One solution to this problem is the cloud-based ephemeral (dynamic / on-demand) environment: give every developer the ability to quickly spin up a new testing environment (or part of an environment) on production infrastructure. Although becoming easier with tools such as linkerd and runnable, establishing this capability is often a complicated task, and costly. Simpler, and equally effective, is recreating the environment entirely on the local machine using virtualization tools to replicate any external services. This approach has the added advantages of giving the developer greater control over every element of the environment and a fast feedback loop for experimentation, which together allow individuals working on isolated components to develop greater ownership of the system as a whole.

Virtualisation

Selecting the right stand-ins for external dependencies is an important part of creating a reliable and accurate local environment. For precision mocking and stubbing, Mountebank is a popular choice. It is effectively a declaratively configured Node server, which allows for fine-grained control over request matching and responses. In some cases, however, it is more convenient to use a service that will mock a common API out of the box. Minio, for example, replicates the AWS S3 API exactly, and using it is as simple as passing a different endpoint to your AWS client.

Basic recipe

Our preferred solution to microservice orchestration at YLD is Kubernetes, among whose benefits stands the ability to exactly mirror a production environment on a local machine using minikube. Unfortunately, in practice many organisations are committed to other infrastructure solutions which lack such neat provision for development. So long as their services are containerized, however, we can use docker-compose to bring up a local environment quickly.

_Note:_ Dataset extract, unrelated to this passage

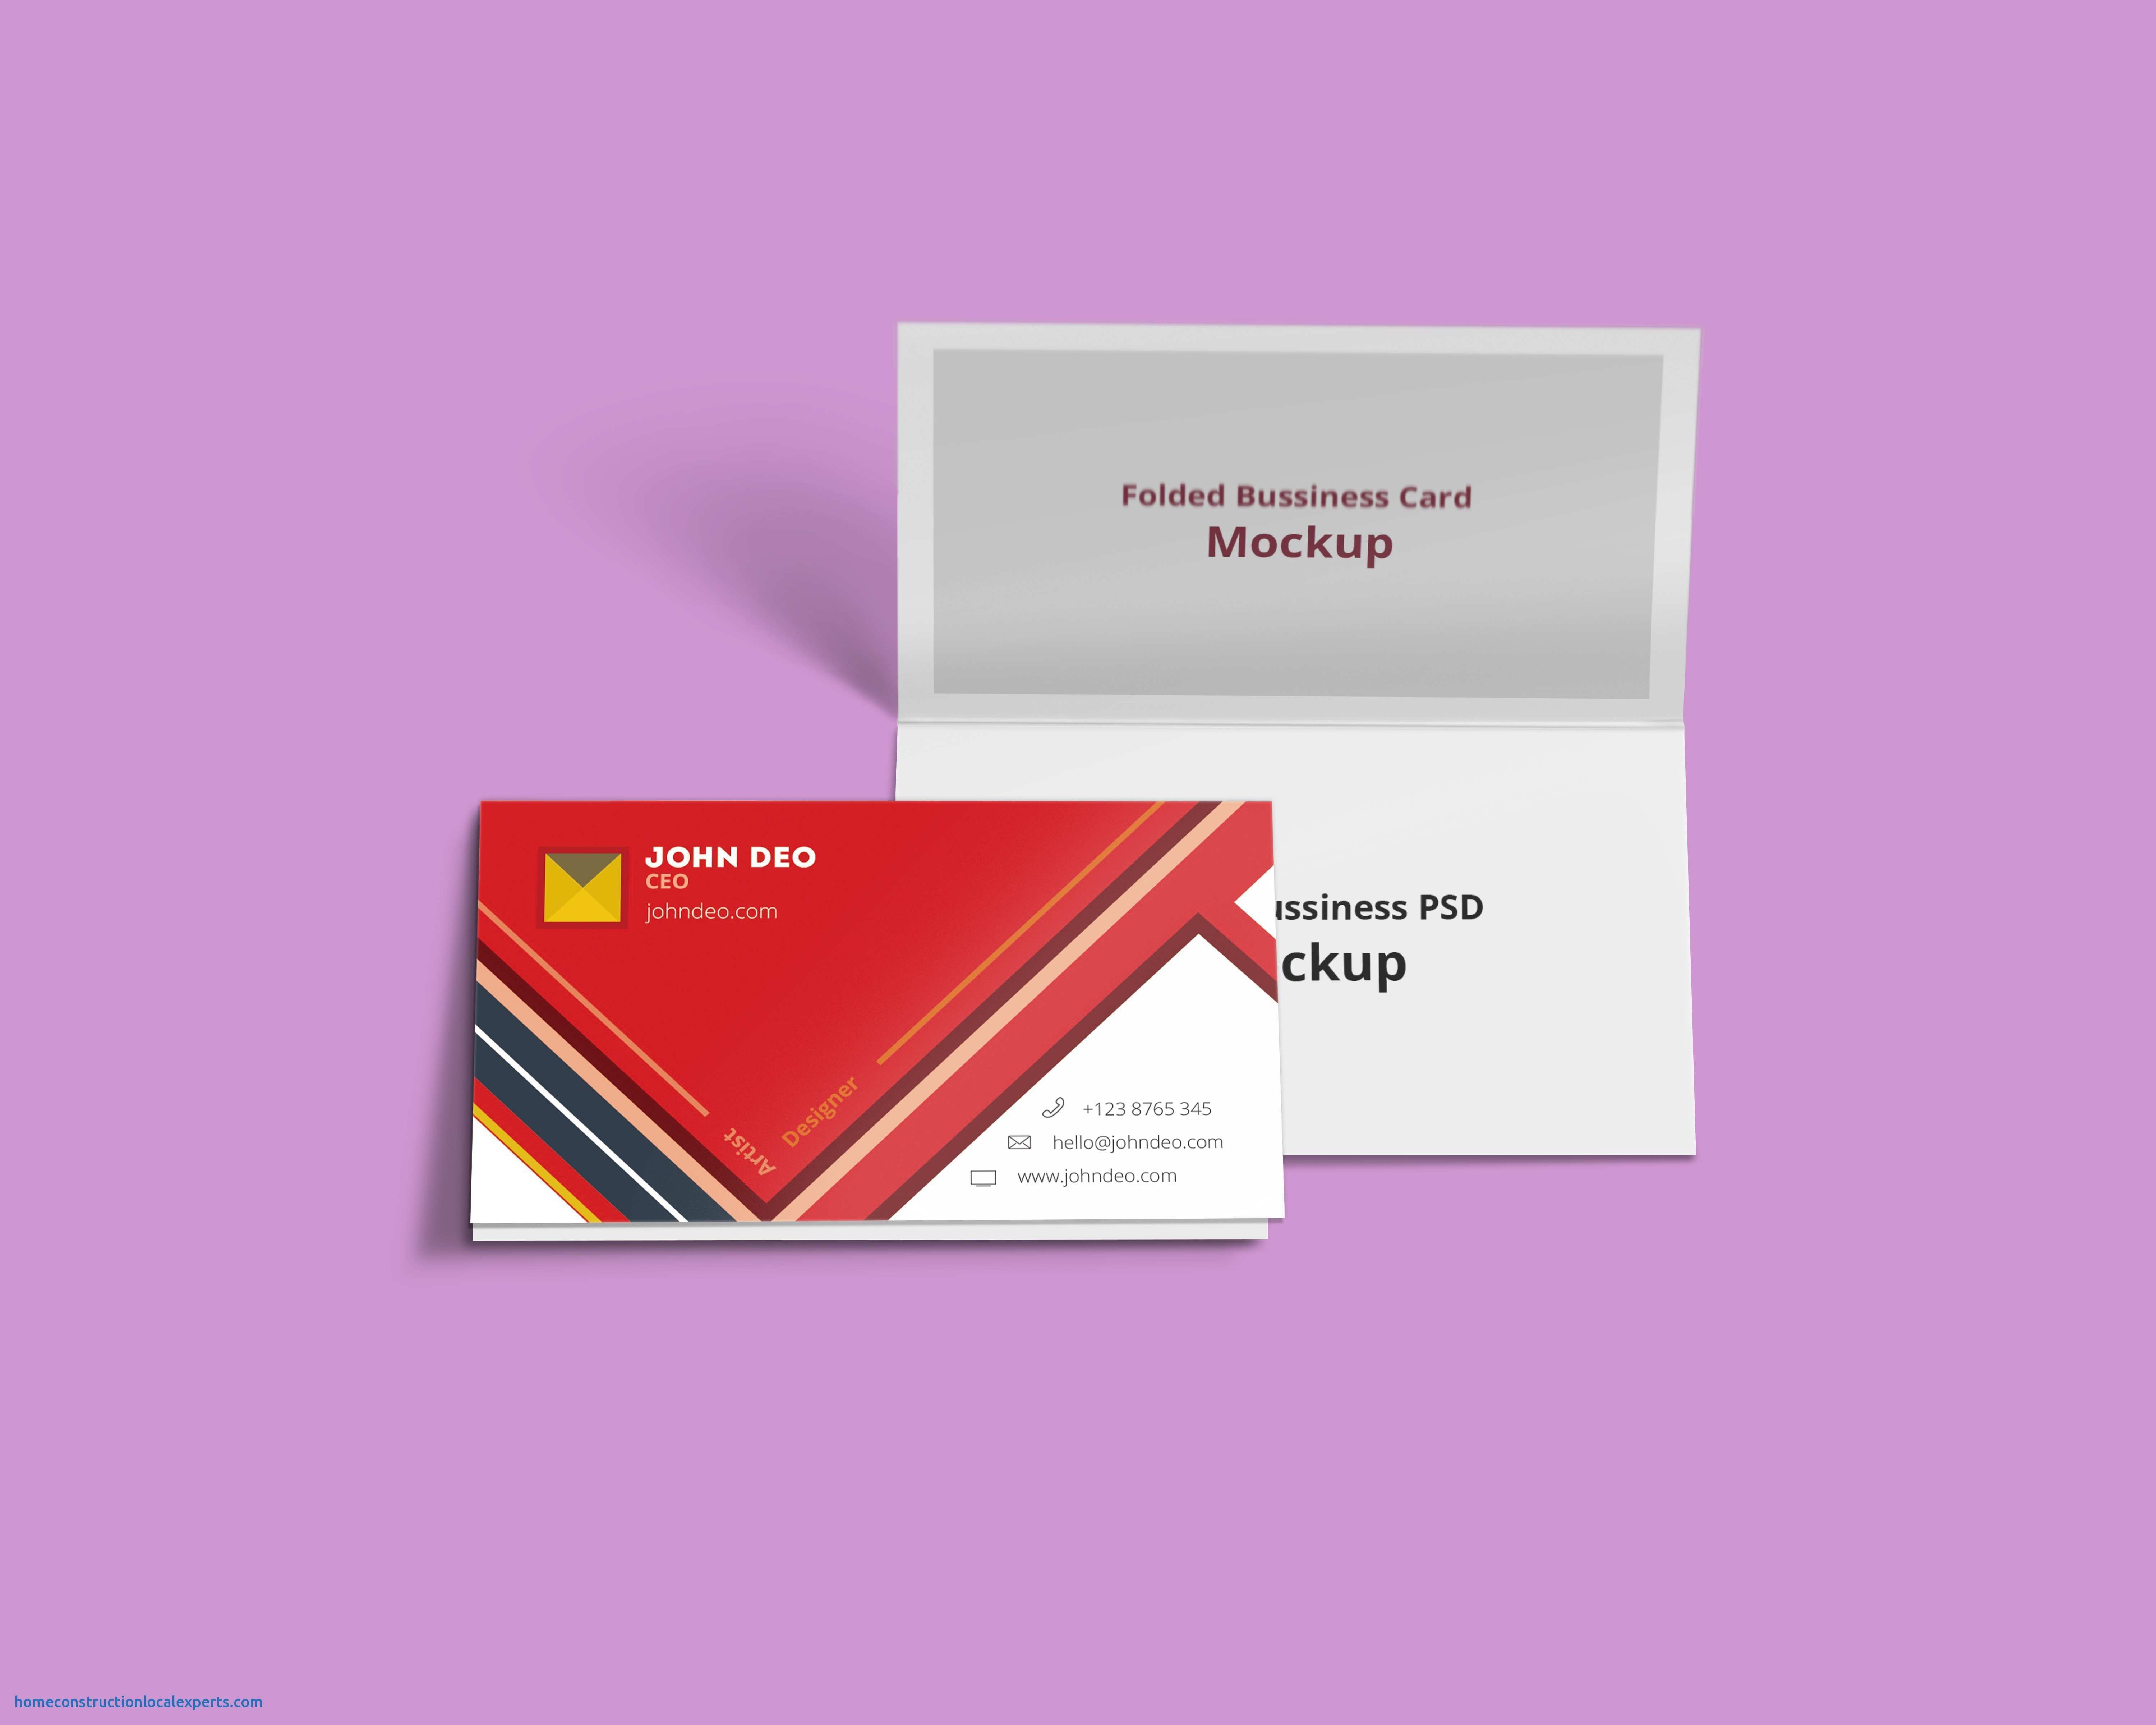 Business Card Template Word 2010

Assuming you have a relatively fixed set of virtualized external dependencies, the necessary steps for spinning up an environment with docker-compose are these:

Obtain a list of build artefacts (docker images) from your deployment pipeline. This could be through, for example, a pre-prepared manifest describing a particular environment or a call to a container orchestration API.
Inject any images developed locally for testing against the deployed environment. For example, a list of local repositories could be passed as arguments to a setup script in order to overwrite the corresponding services in the deployment manifest.
Identify the external dependencies of the images. Typically each image will contain a declaration of its dependencies. This must be established by convention.
Generate a docker-compose configuration file that ties together the images with their dependencies and provides the appropriate runtime configuration for each.

The final step is where things become interesting. The eventual docker-compose file must be generable from arbitrary combinations of services and dependencies, each with their own requirements for set-up and scheduling. Let's examine this step in more detail.

A dynamic docker-compose

Since we have assumed a fixed or slowly-changing set of external dependencies, it makes sense to exploit the extends feature of docker-compose to separate the fixed from the dynamic parts of the environment. In docker-compose.yml we set up our fixed dependencies and generate the rest inside a docker-compose.override.yml, which gets merged in automatically when we run docker-compose up. Our base configuration file might contain databases, the API gateway (kong in this example), and virtual external services:

version: '3'
services:  
   mysql:
     image: mysql:5.7
     ports:
        - "3307:3306"
     volumes:
       - mysql_data:/var/lib/mysql
     environment:
       MYSQL_ROOT_PASSWORD: password
   kong-database:
     image: postgres:9.4
     environment:
       - POSTGRES_USER=kong
       - POSTGRES_DB=kong
     volumes:
       - "kong_data:/var/lib/postgresql/data"
   gateway:
     image: kong:0.9.9
     environment:
       - KONG_DATABASE=postgres
       - KONG_PG_HOST=kong-database
     ports:
       - "8000:8000"
       - "8443:8443"
       - "8001:8001"
       - "7946:7946"
       - "7946:7946/udp"
     depends_on:
       - kong-database
   minio:
      image: minio/minio
      ports:
        - "9000:9000"
      environment:
        - "MINIO_ACCESS_KEY=$AWS_ACCESS_KEY_ID"
        - "MINIO_SECRET_KEY=$AWS_SECRET_ACCESS_KEY"
volumes:  
   mysql_data:
   kong_data:

Generating the override file is a matter of looping over the images, adding a new key under services for each one, merging in configuration (e.g. volumes, environment, depends_on, command) and -- this is where things can become complicated -- ensuring that each service is initialised in a manner appropriate for its dependencies.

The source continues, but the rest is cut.